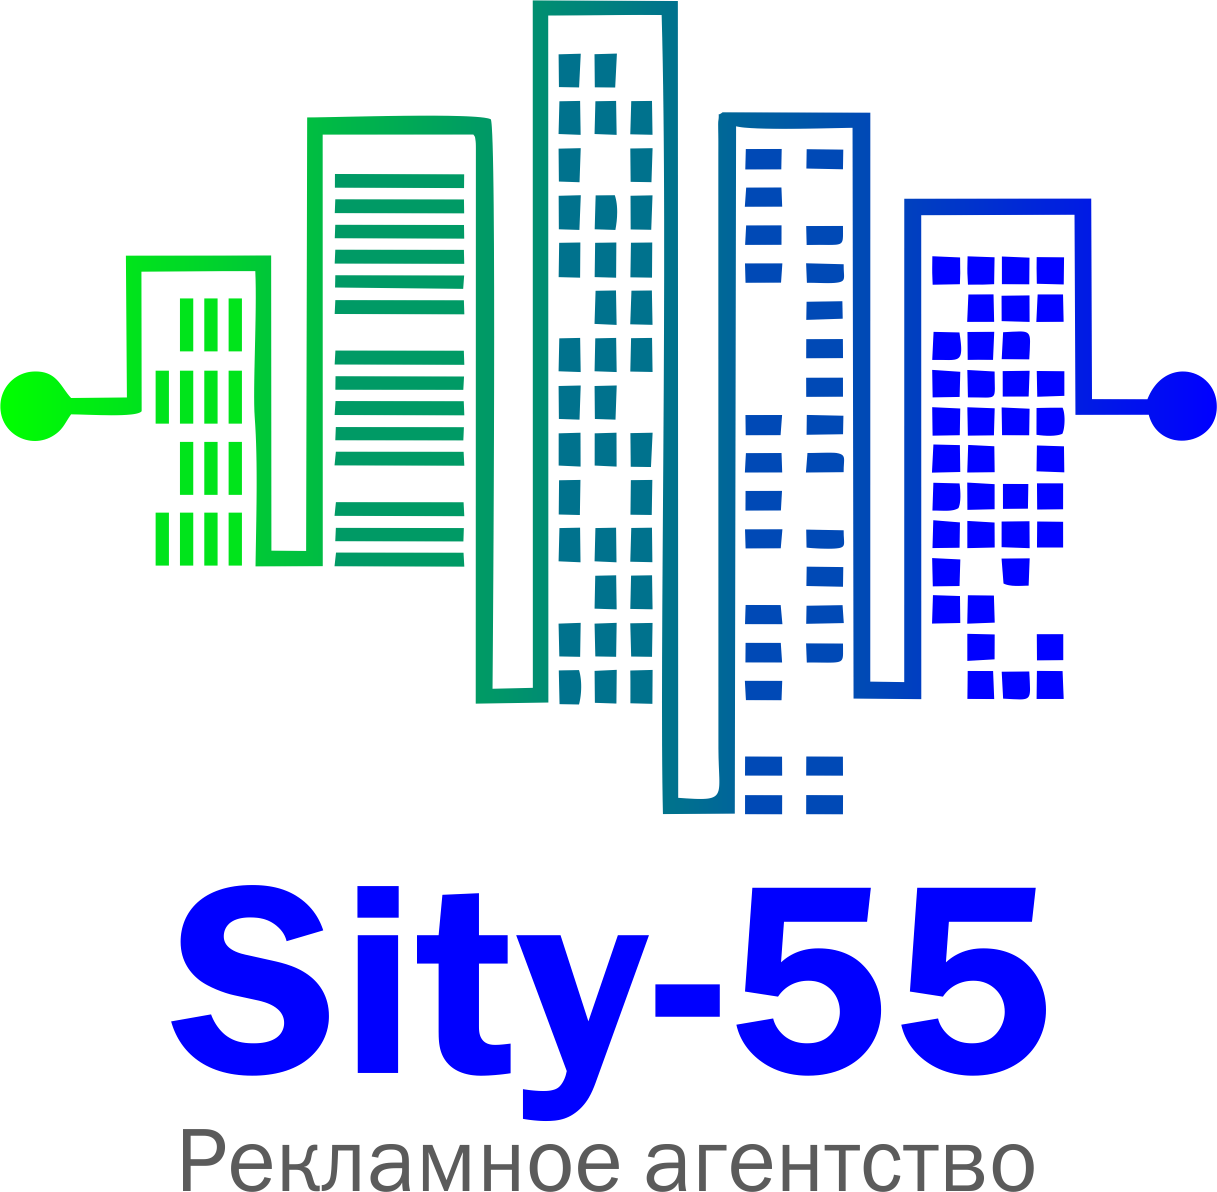 Рекламное агентство Sity-55
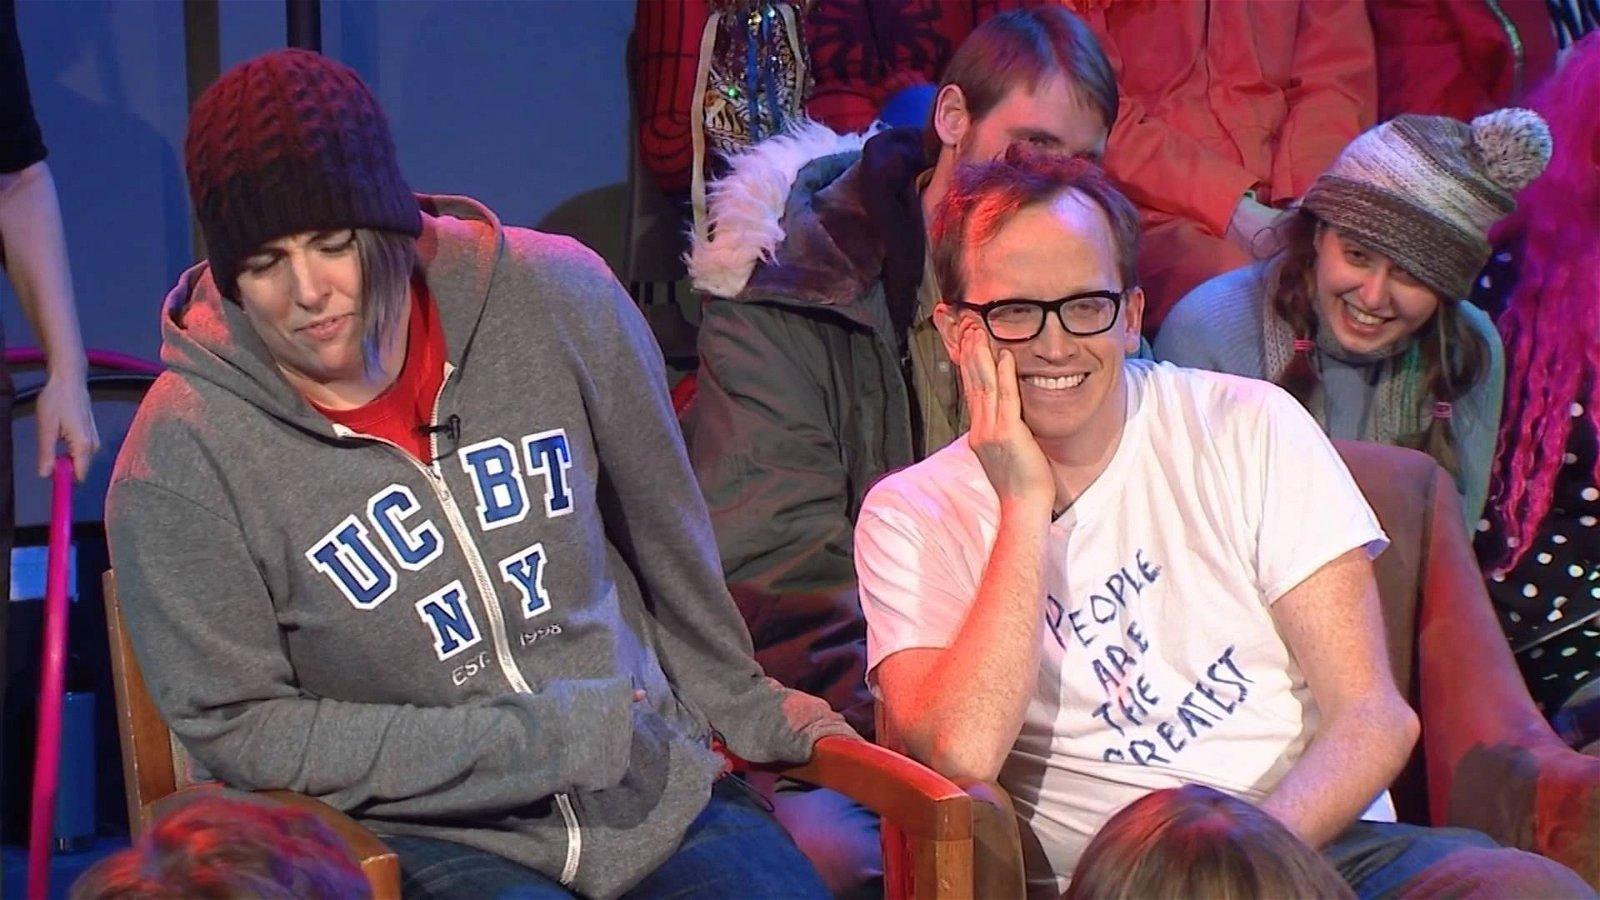 The Chris Gethard Show returns August 2nd at 11 PM EST on truTV 1
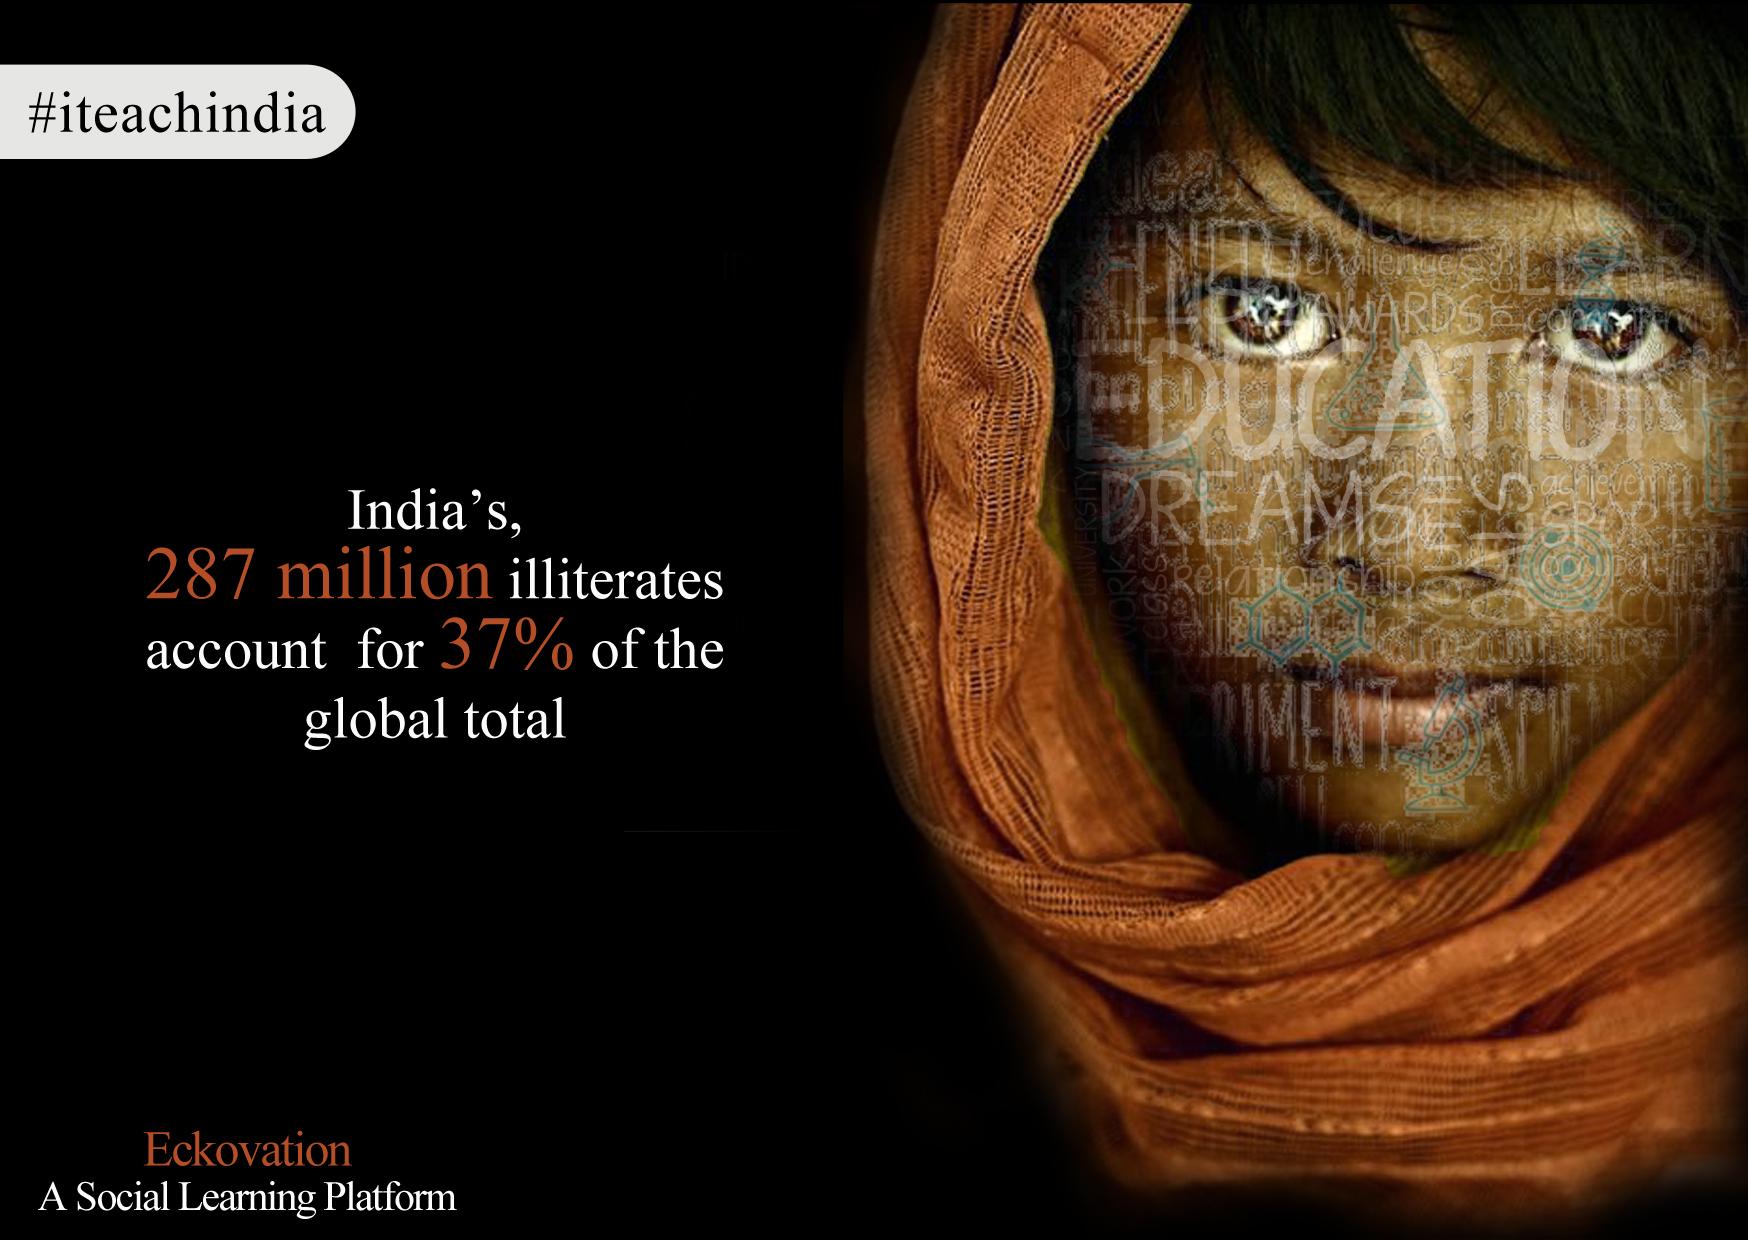 #ITeachIndia
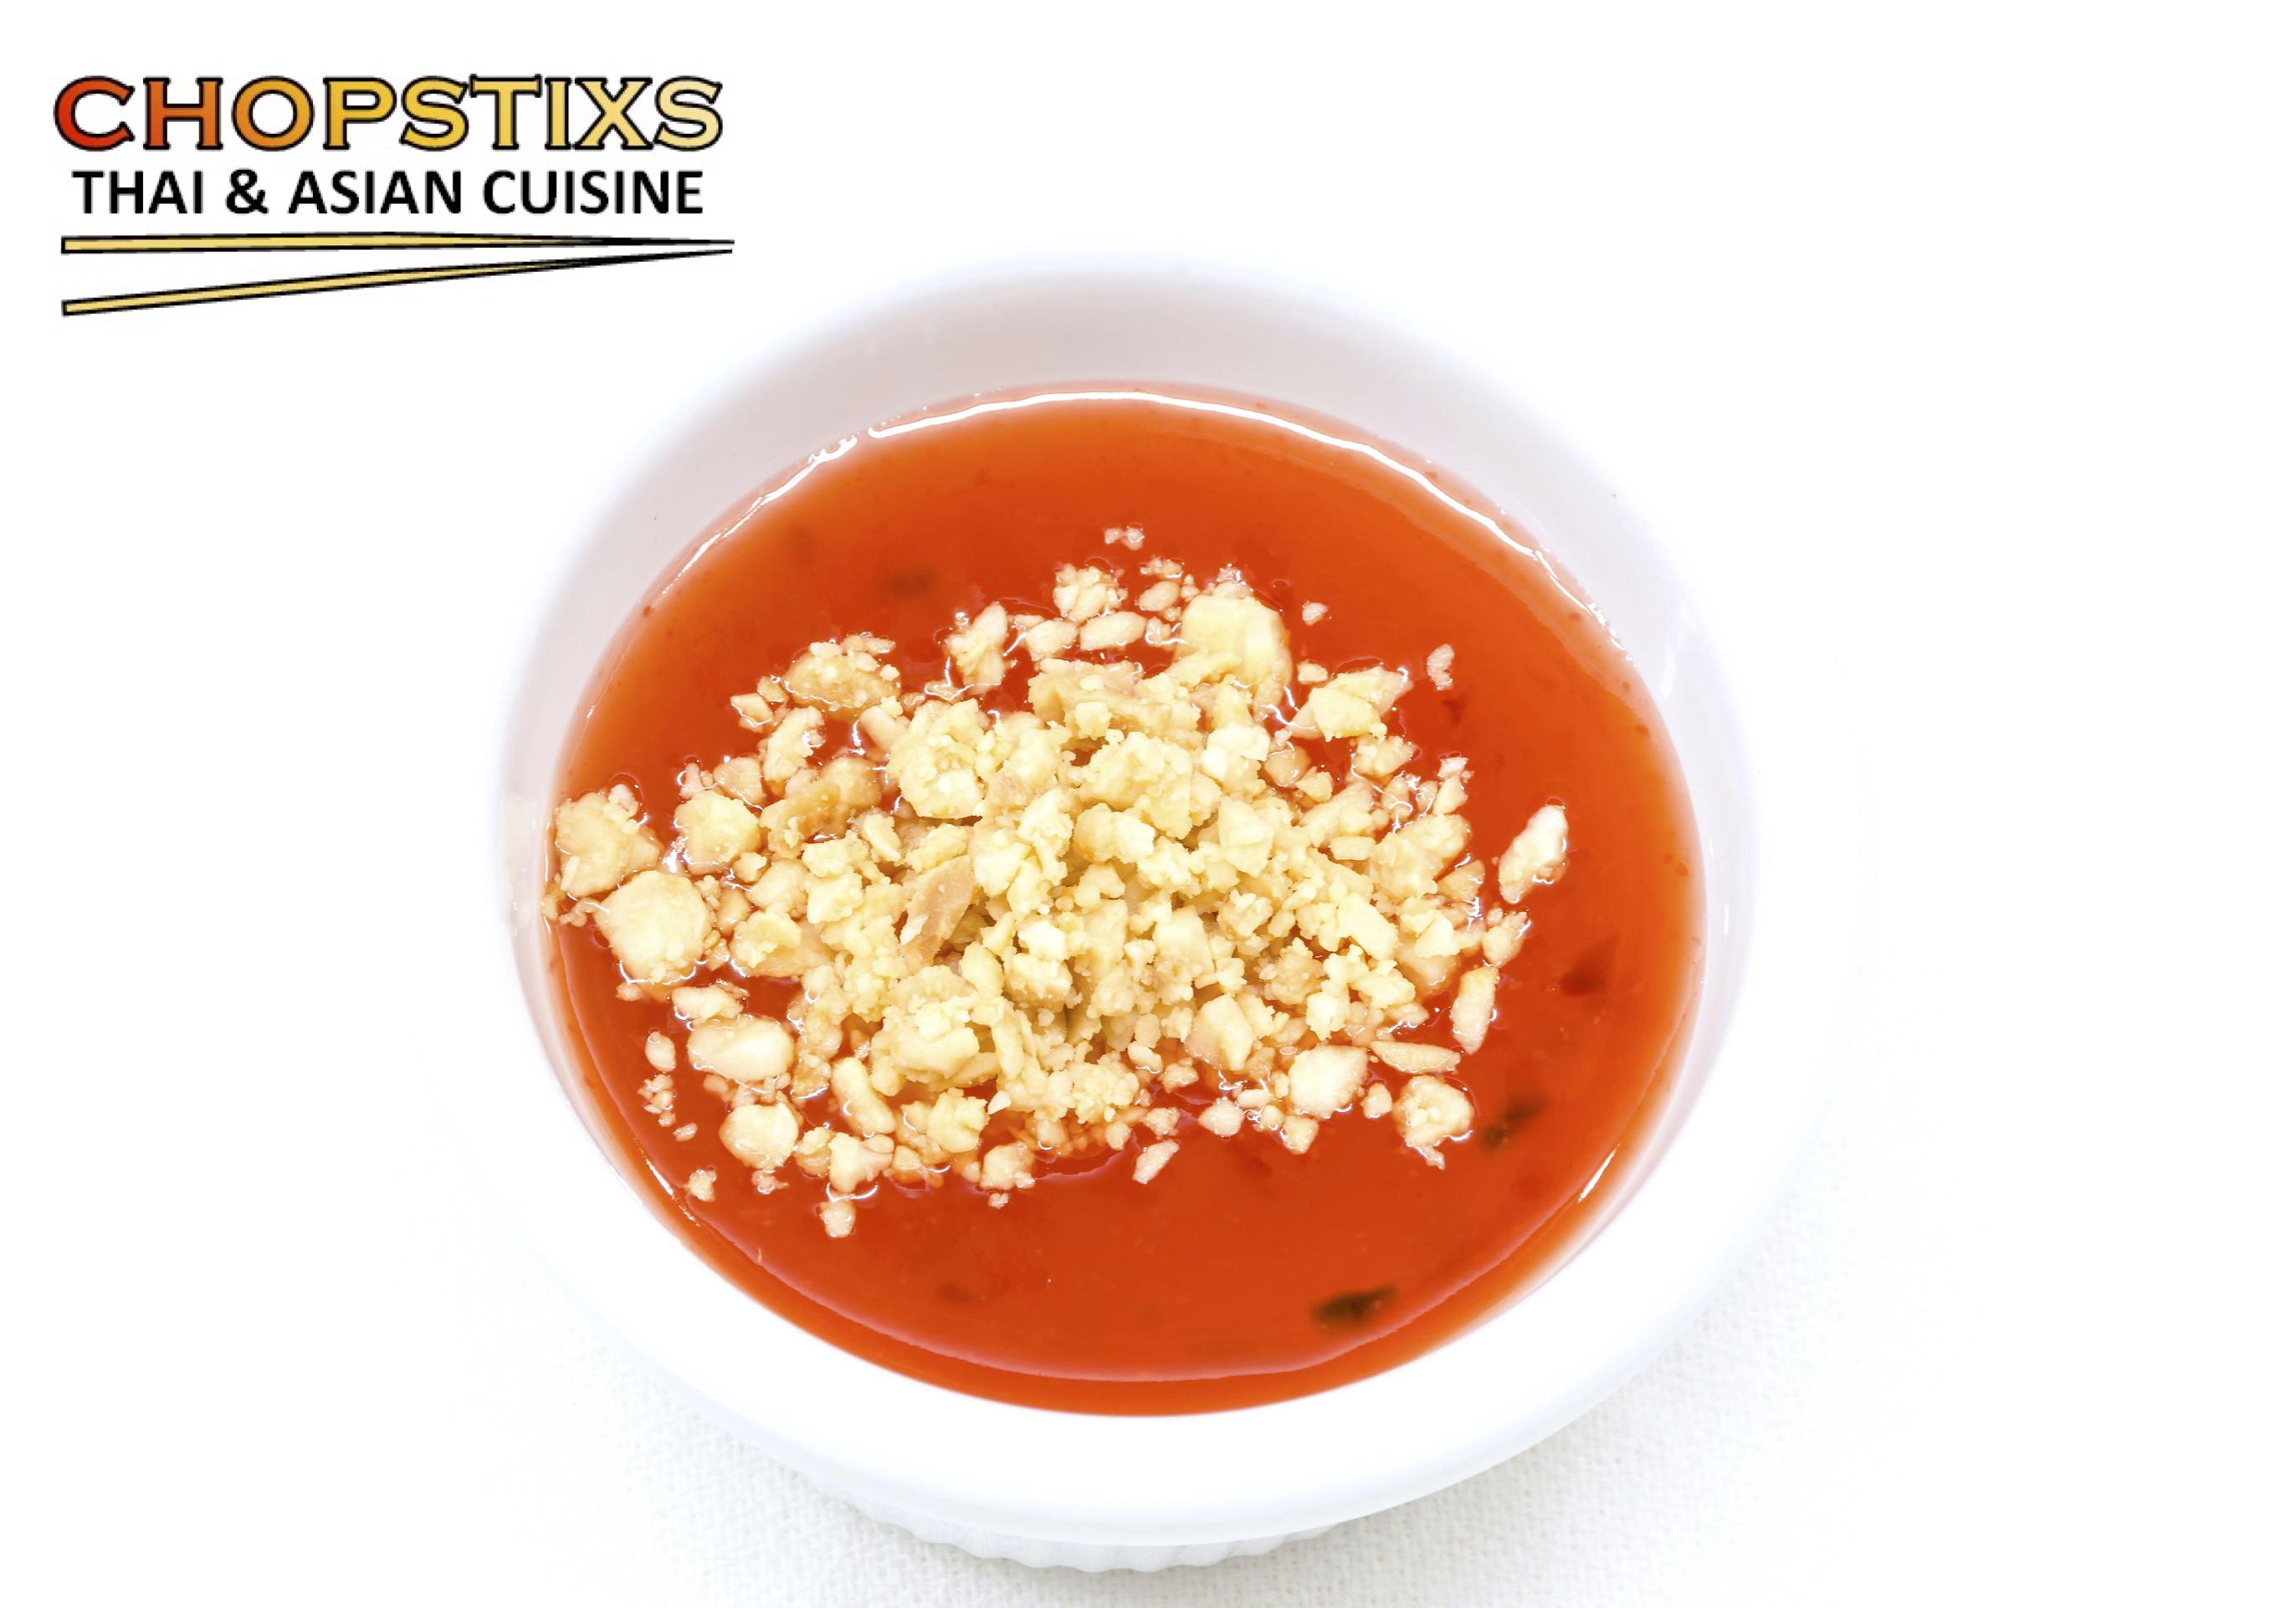 Sweet sauce W/ Ground peanut Image

• _WHAT THE TASK ASKS_: Once the line with "The Chris Gethard" is found, write out that line and every later line of the listing above exactly, through the last one, and skip any pictures.

• _OUTPUT BELOW_:
 The Chris Gethard Show returns August 2nd at 11 PM EST on truTV 1
 #ITeachIndia
 Sweet sauce W/ Ground peanut Image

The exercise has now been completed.